Vatican City, Dec 7, 2009 / 09:42 am
In a meeting with a group of Brazilian bishops on Saturday, the Holy Father warned of the dangers of Marxist liberation theology and noted its grave consequences for ecclesial communities.
During the ad limina visit, the Pope recalled that “last August marked 25 years since the Instruction “Libertatis nuntius” of the Congregation for the Doctrine of the Faith, on certain aspects of liberation theology. The document "highlights the danger involved in the uncritical absorption, by certain theologians, of theses and methodologies that come from Marxism."
The Pope warned that the “more or less visible” scars of Marxist liberation theology, such as “rebellion, division, dissent, offenses, anarchy, are still being felt, causing great suffering and a grave loss of dynamic strength in your diocesan communities.”
For this reason, he exhorted all those who in some way feel attracted or affected by “certain deceitful principles of liberation theology” to re-visit the instruction and be open to the light that it can shed on the subject.

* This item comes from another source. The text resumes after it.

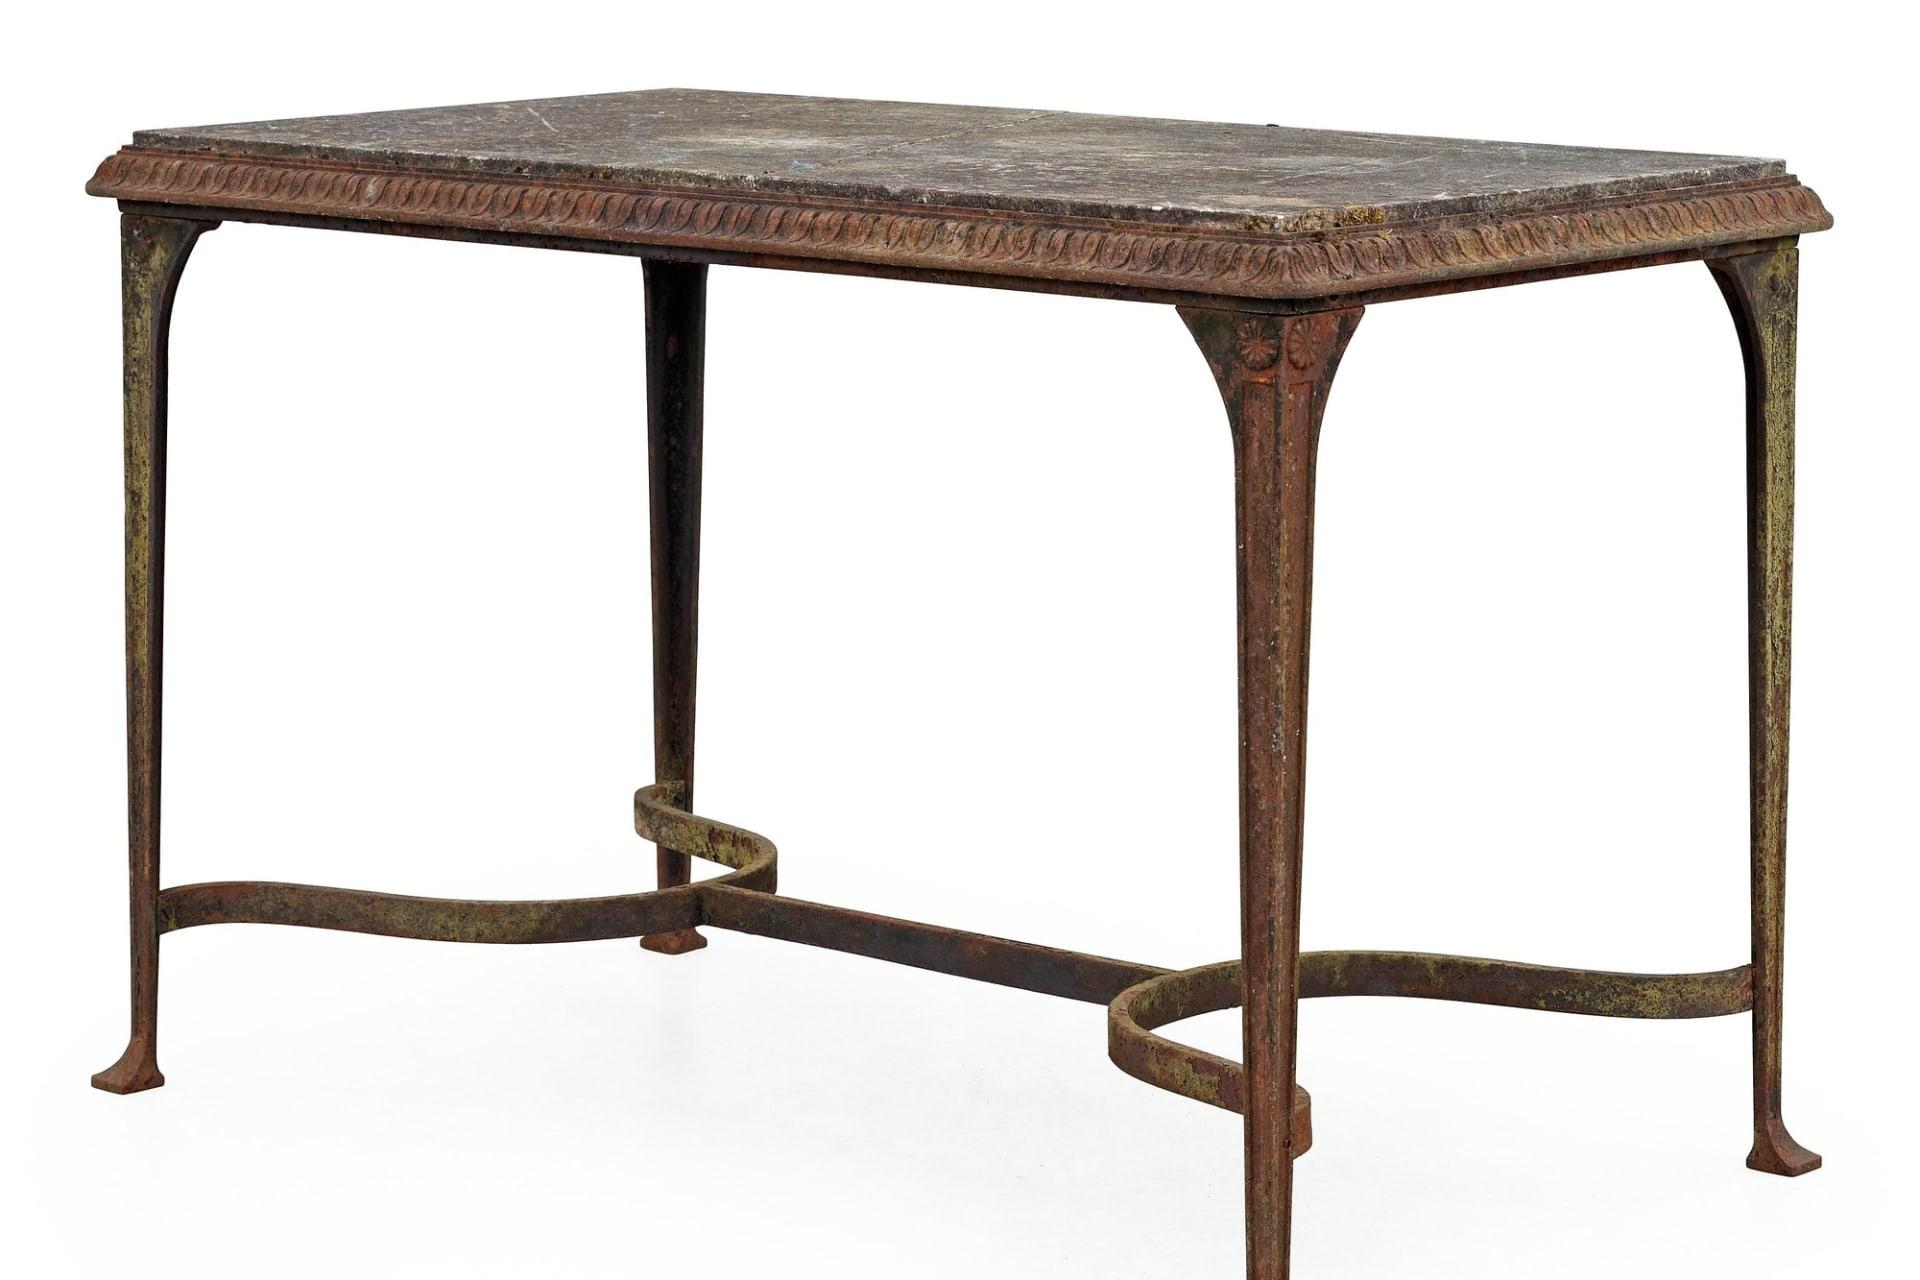 Bordet designat av Folke Bensow för Näfveqvarns Bruk är tillverkat av gjutjärn med bordsskiva av kalksten som åldrats med tiden. På Bukowskis moderna kan de ropas ut för mellan 30 000 – 35 000.

Benedict XVI also recalled that “the supreme rule of faith of the Church in effect arises from the unity that the Spirit established between Sacred Tradition, Sacred Scripture and the Magisterium of the Church, in such reciprocity that they cannot subsist independently of each other,” as John Paul II explained in his encyclical “Fides et Ratio.”
The Instruction “Libertatis nuntius” was published on August 6, 1984, with the approval of Pope John Paul II, by the Congregation for the Doctrine of the Faith.
Its purpose was to focus the attention of pastors, theologians and all the faithful on the deviations of certain forms of liberation theology that are dangerous for the faith and for the Christian life and that are based on Marxist thought.
It warned that the grave ideological deviations of Marxist liberation theology inevitably lead to the betrayal of the cause of the poor and that a Marxist analysis of reality leads to the acceptance of positions that are incompatible with the Christian vision of man.